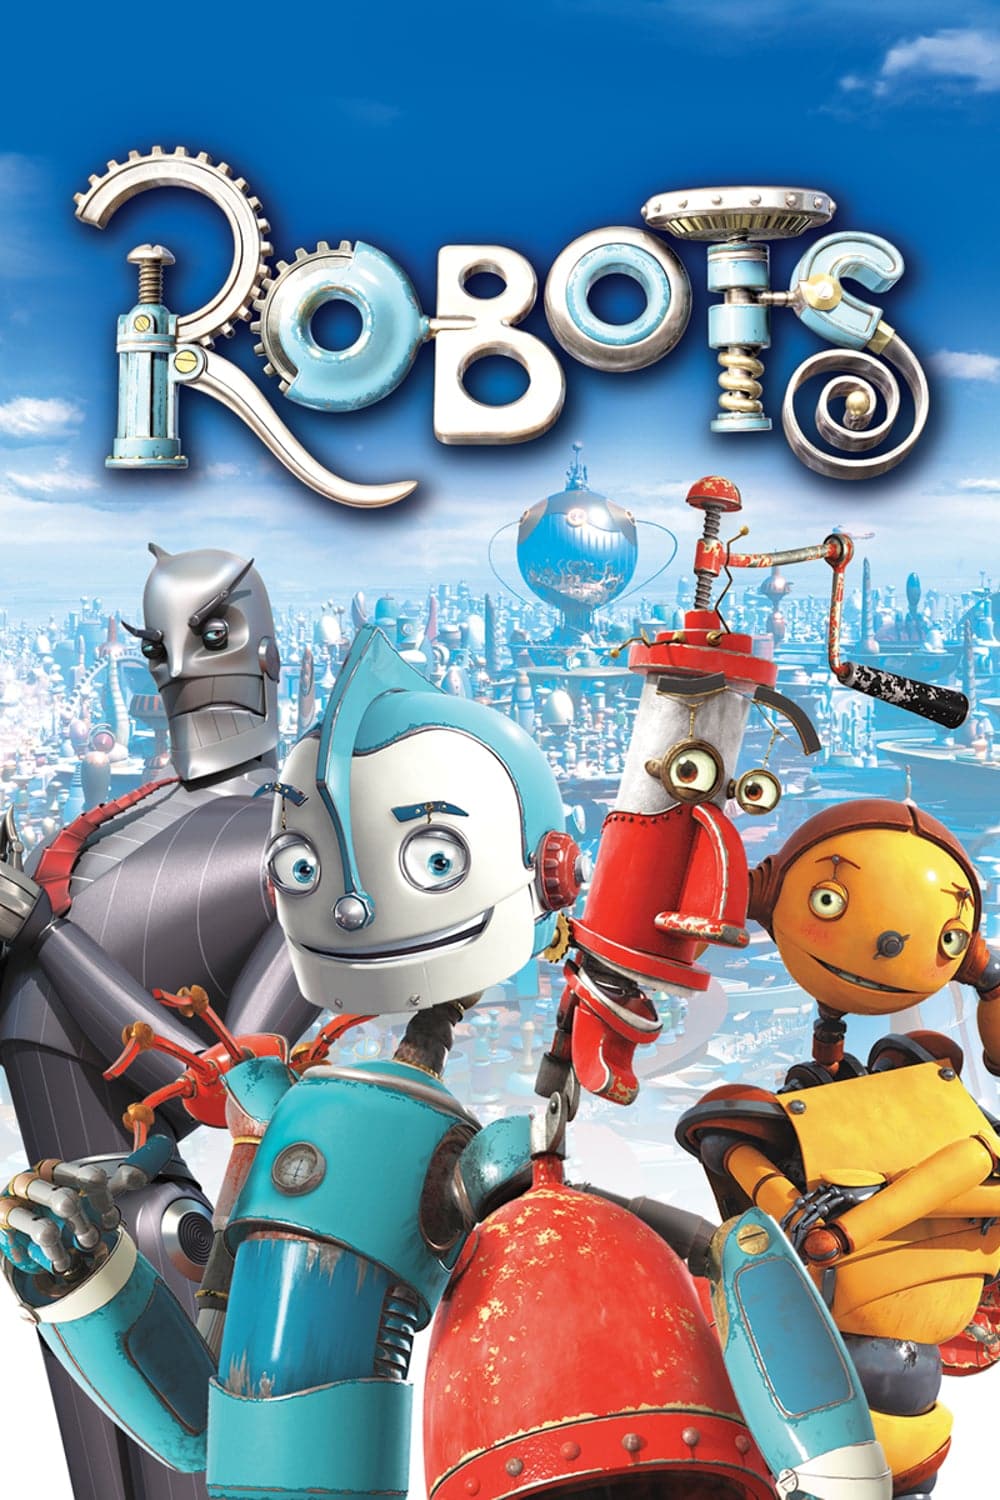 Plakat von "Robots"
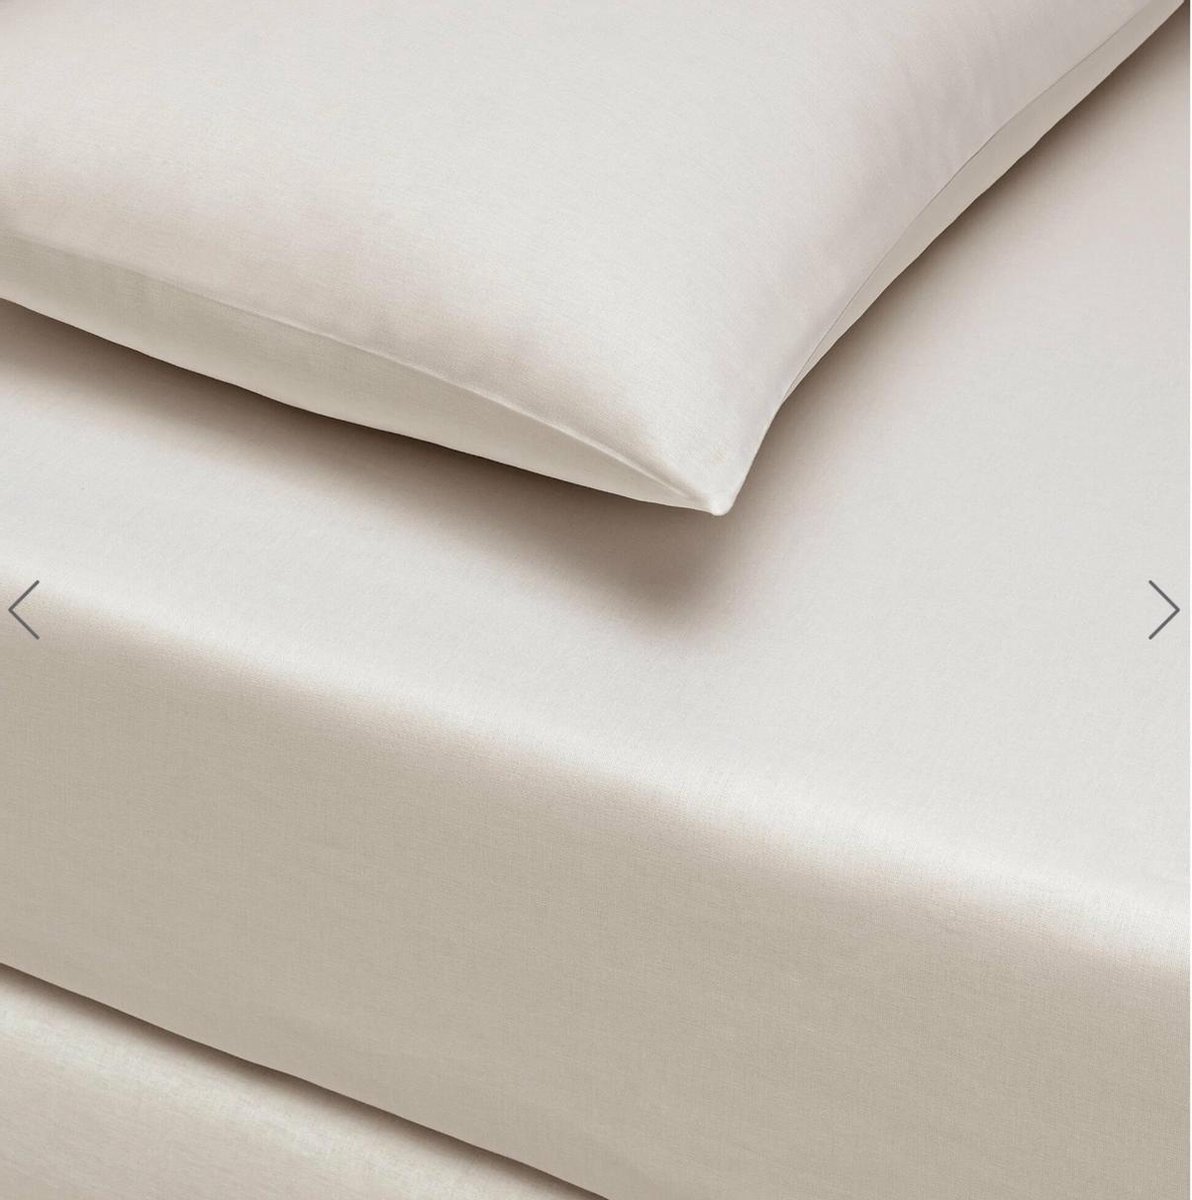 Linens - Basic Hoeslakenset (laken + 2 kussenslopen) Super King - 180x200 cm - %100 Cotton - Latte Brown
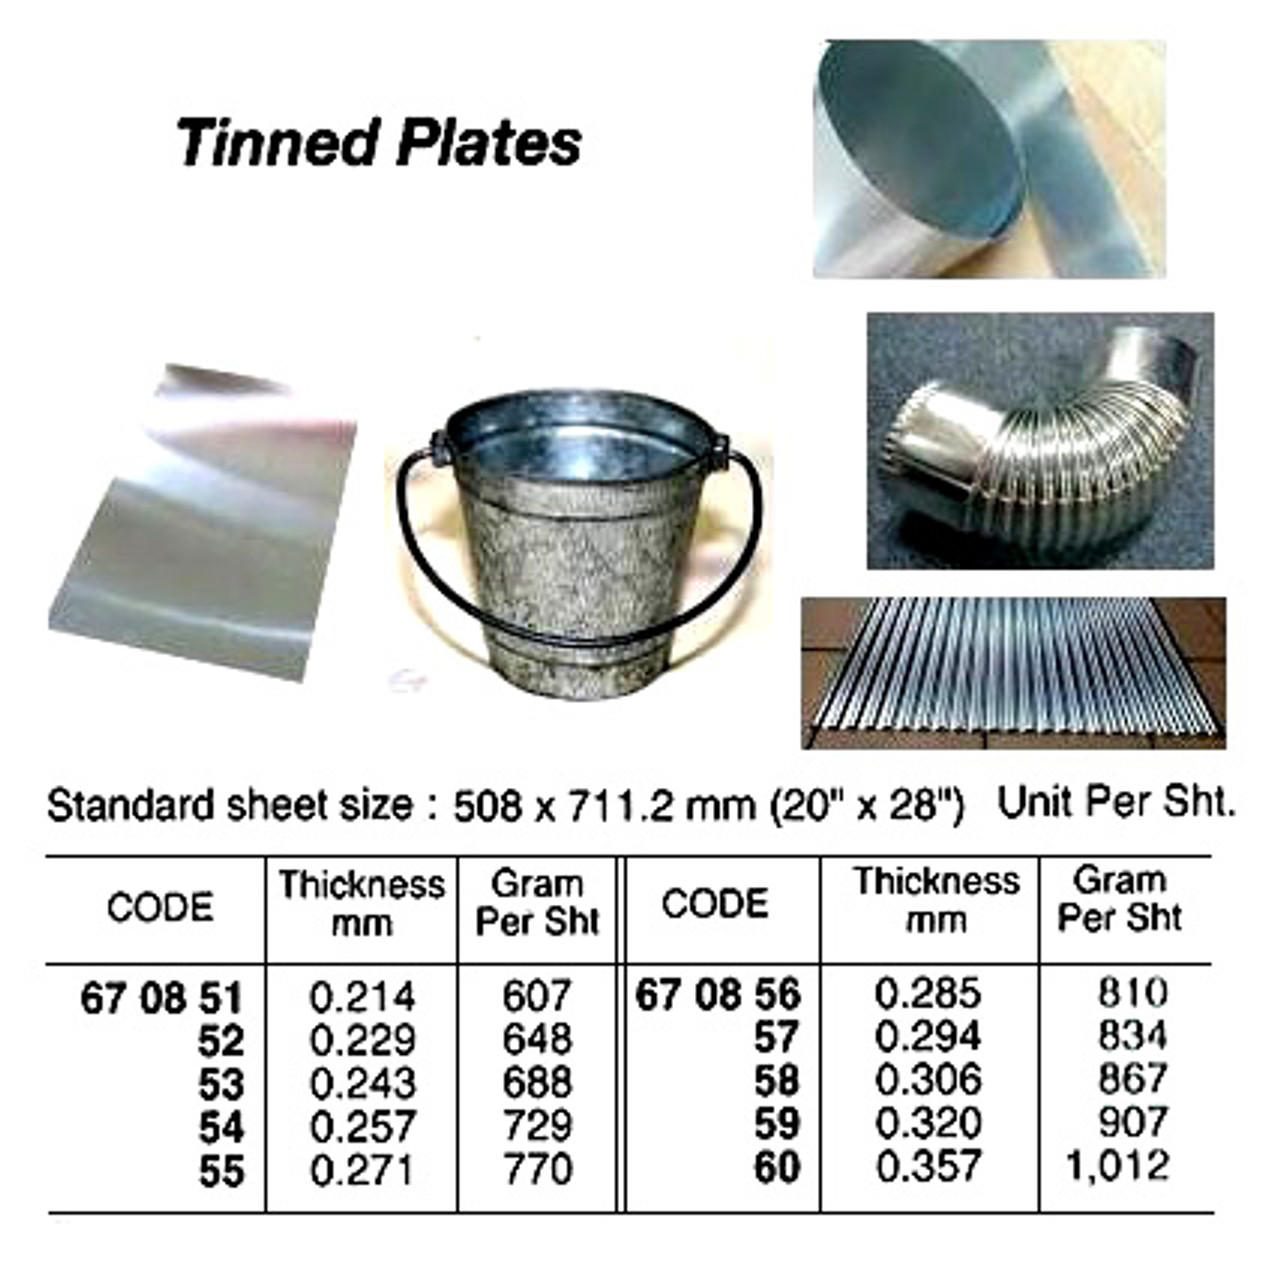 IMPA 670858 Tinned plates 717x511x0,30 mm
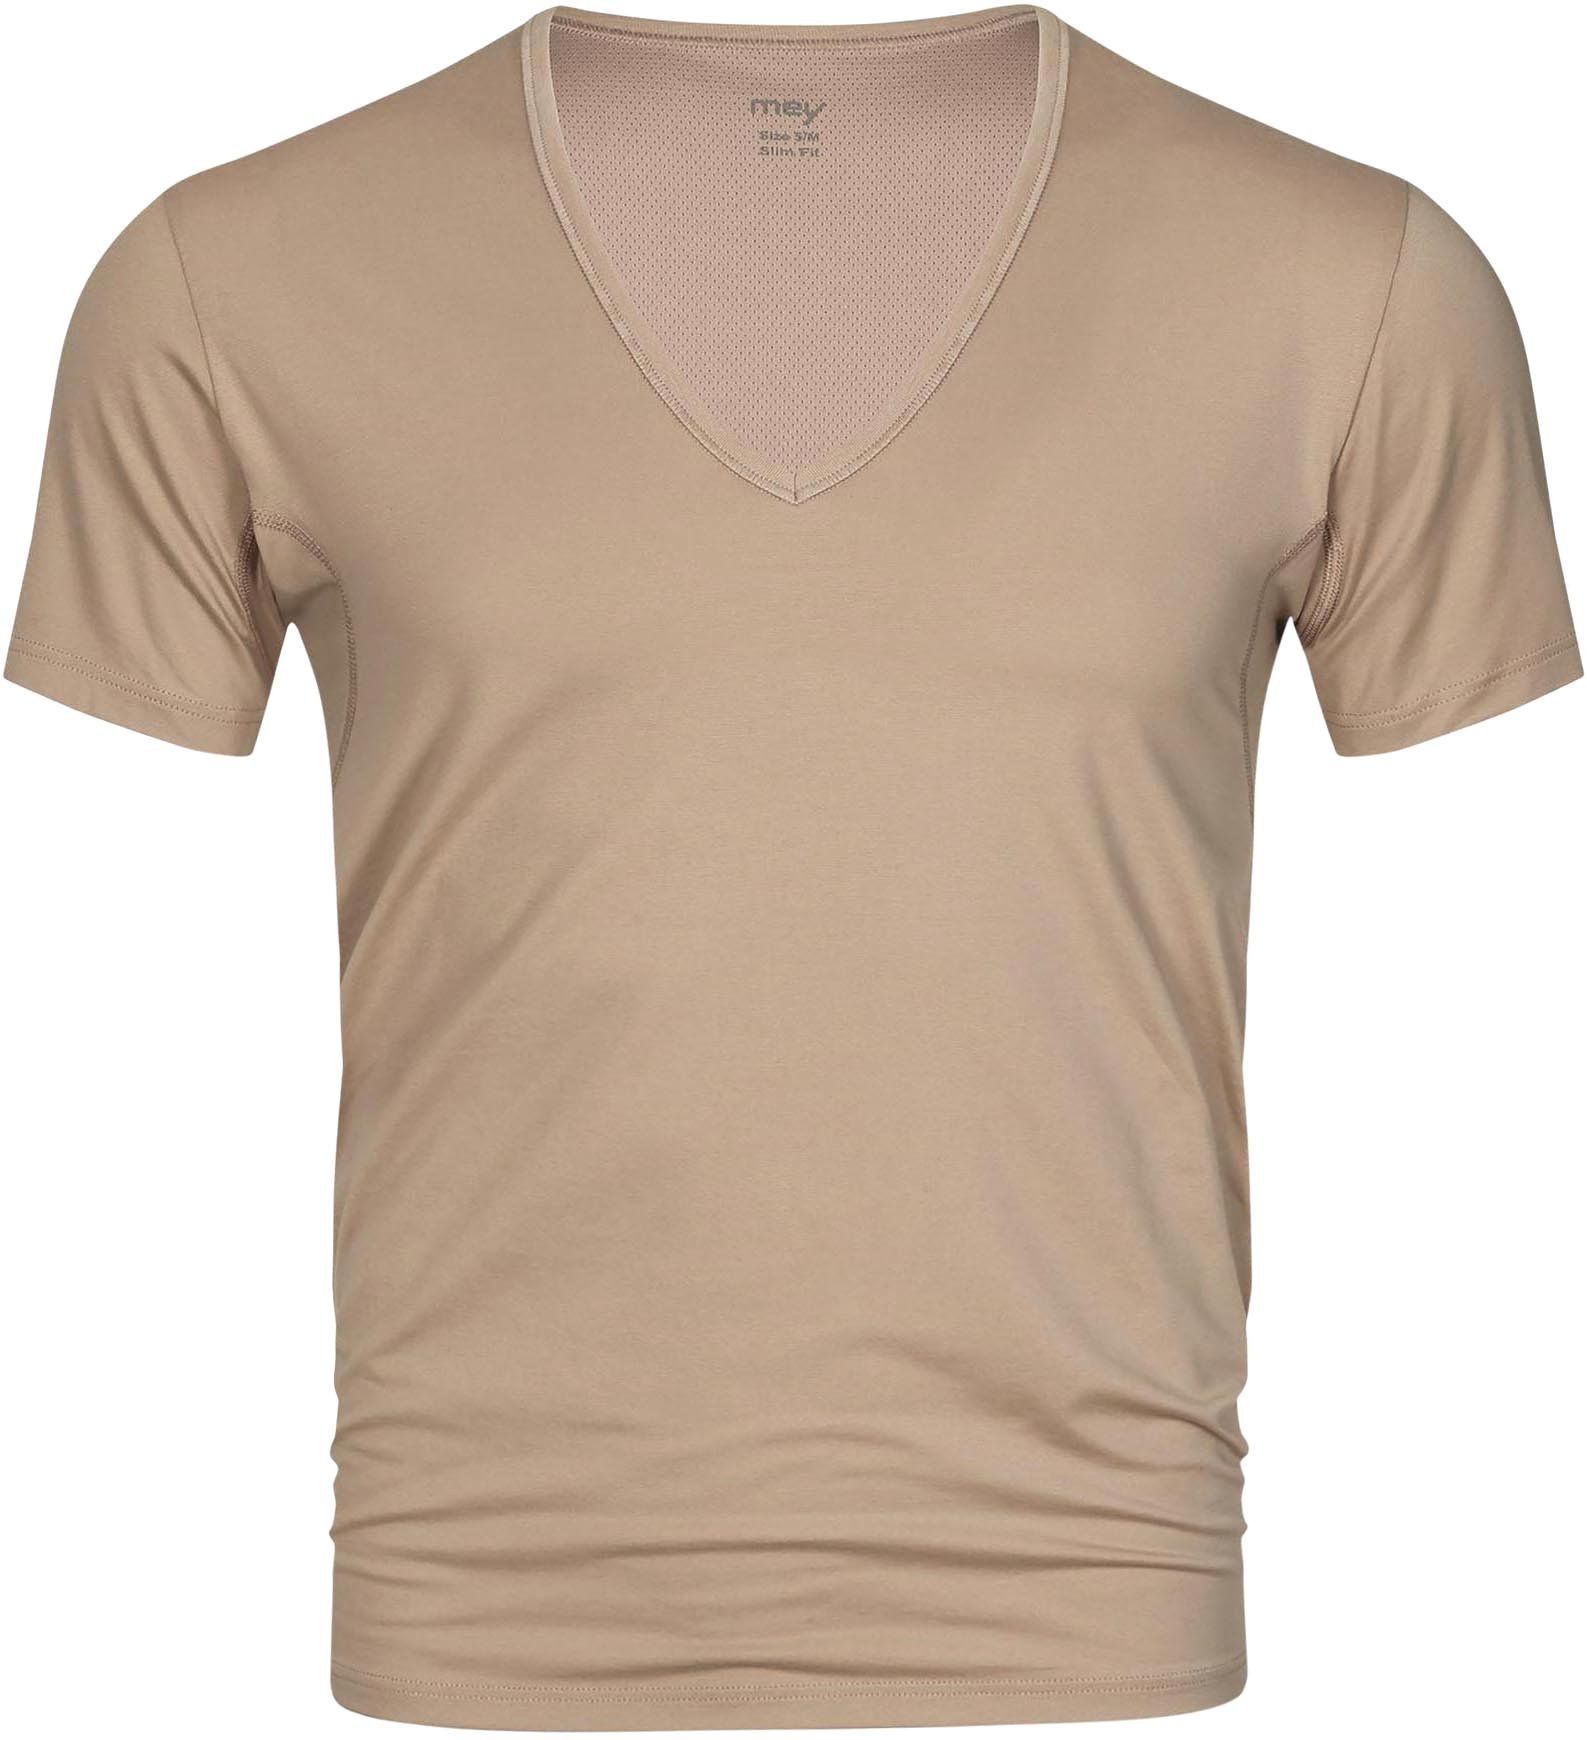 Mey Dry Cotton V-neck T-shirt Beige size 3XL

══════════

## Brief
The listing above should be repeated word for word, pictures removed.

## Response to this exercise
 Plakat von "Robots"
 Linens - Basic Hoeslakenset (laken + 2 kussenslopen) Super King - 180x200 cm - %100 Cotton - Latte Brown
 IMPA 670858 Tinned plates 717x511x0,30 mm
 Mey Dry Cotton V-neck T-shirt Beige size 3XL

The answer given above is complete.